How Diet is Grooming Future Osteoporosis Patients

When we think of the relationship between diet and osteoporosis, the first thought tends to be the impact of calcium and vitamin D.  While those are important, the relationship between diet and the disease is more complex.  Recent research has found that, in adolescents, food quality is highly impactful on bone health.

The risk of osteoporosis at 50 years of age and beyond is related to bone density developed during childhood and early adulthood.  The greater bone density is during that period, the lower the impact will be of the bone density loss in middle age.  Bone density typically declines 1-2% each year between ages 40 and 55 years.  This will represent a decline in bone density of 15-30% from the level present in early adulthood.  Those starting with higher bone density arrive at 55 years with greater bone density.

Getting back to early life diet, eating higher amounts of ultra processed foods (UPFs), now appears to govern early adulthood bone density.  UPFs are highly modified products created through industrial processes.
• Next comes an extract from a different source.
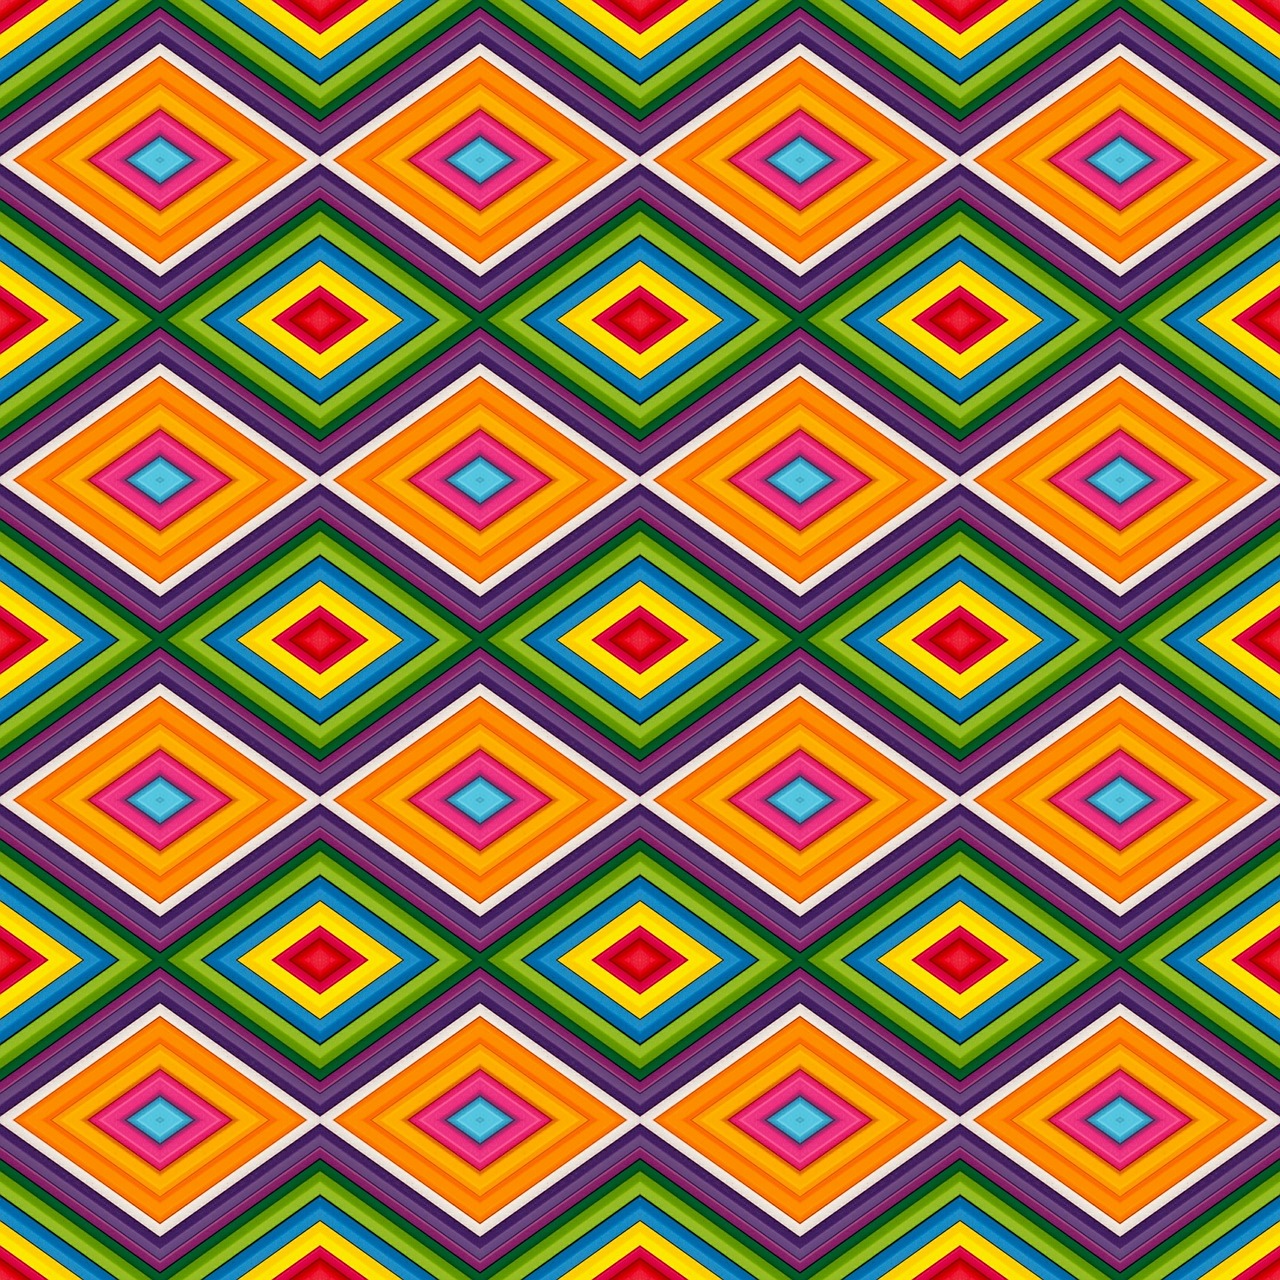 symmetrical pattern design free photo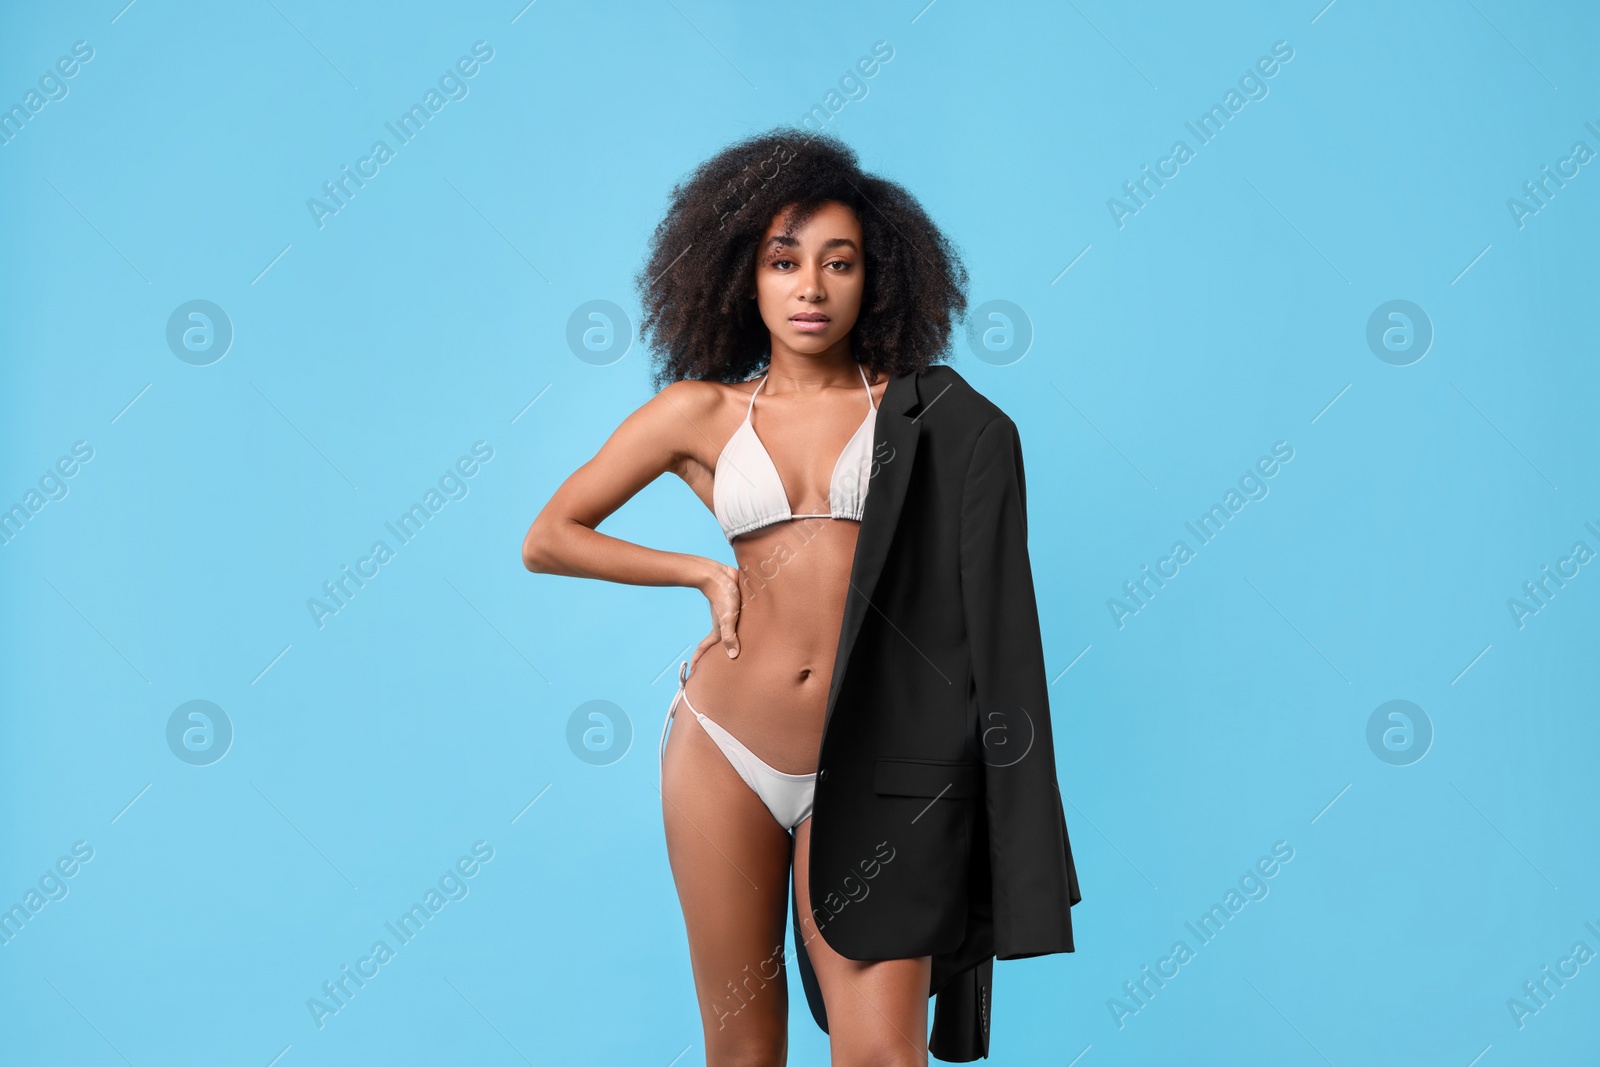 Photo of Beautiful woman in stylish bikini and jacket on light blue background

They typically contain multiple additives, preservatives, and artificial ingredients. These foods, built for long shelf lives, include sugar-sweetened beverages, highly processed meat products, flavored yogurts, packaged snacks, and breakfast cereals.  Perhaps the most significant indicator of a UPF is the added sugar.

A whole, unprocessed diet containing 40% carbohydrate supplies approximately 30-35 grams of sugar.  The current intake in the standard American diet which contains a significant volume of UPFs is about 200 grams of sugar, or about 6-7 times that of a whole food, unprocessed diet.  This added sugar is there for one purpose, to drive taste preference which tends to increase consumption.

In the United States, UPFs are estimated to provide 58% of caloric energy.  US National Health and Nutrition Examination Survey data showed that from 1999 to 2018, the percentage of total energy consumption from UPFs increased from 61.4% to 67% in people aged 2-19 years.  This high intake of UPFs has been associated with increased risk of diabetes, fatty liver disease, cardiovascular disease and inflammatory bowel disease.  We now have to add osteoporosis to that list.

Bone must constantly be repaired removing areas with microcracks from use and filled back in with new bone.  The job of building this new bone is done by bone cells called osteoblasts.  These cells only live about 100 days and must constantly be replenished by mesenchymal stem cells (MSCs) from bone marrow.  This is where the negative impact of too much sugar comes in.  MSCs require NAD+ in significant amounts for their energy production and function.  Unfortunately, high sugar consumption depletes NAD+ robbing MSCs from this essential energy source needed to mature into osteoblasts in mice.(1)  Without enough NAD+, MSCs differentiate into fat cells rather than osteoblasts.

I had to include this image from the study which seems to highlight the problem.  Notice the mouse at the bottom of the image showing this shunting of MSCs away from bone cells and towards becoming fat cells.  I can’t tell which fast-food establishment the mouse got the drink from, but I think you get the message.

We will gradually lose bone density from middle life on with the rate accelerating from age 50 on.  Whether this becomes osteopenia, osteoporosis or remains healthy bone depends on what bone density one starts adulthood with.  What bone density one starts adulthood with depends on the amount of UPFs, particularly the sugars consumed up until that point.

By now the adults who have life prior to age 30 behind them the concept here is still highly relevant.  We must continue to regenerate bone throughout life.  While it is optimal to have that process as good as is possible in early life, it still helps to improve that outcome at any point.  A side effect – you will reduce the risk of a bunch of other chronic diseases.

  1. Yen et al.  EXCESS GLUCOSE ALONE DEPRESS YOUNG MESENCHYMAL STROMAL/STEM CELL OSTEOGENESIS AND MITOCHANDRIA ACTIVITY WITHIN HOURS/DAYS VIA NAD + /SIRT1 AXIS.  Journal of Biomedical Science, 2024;31:49.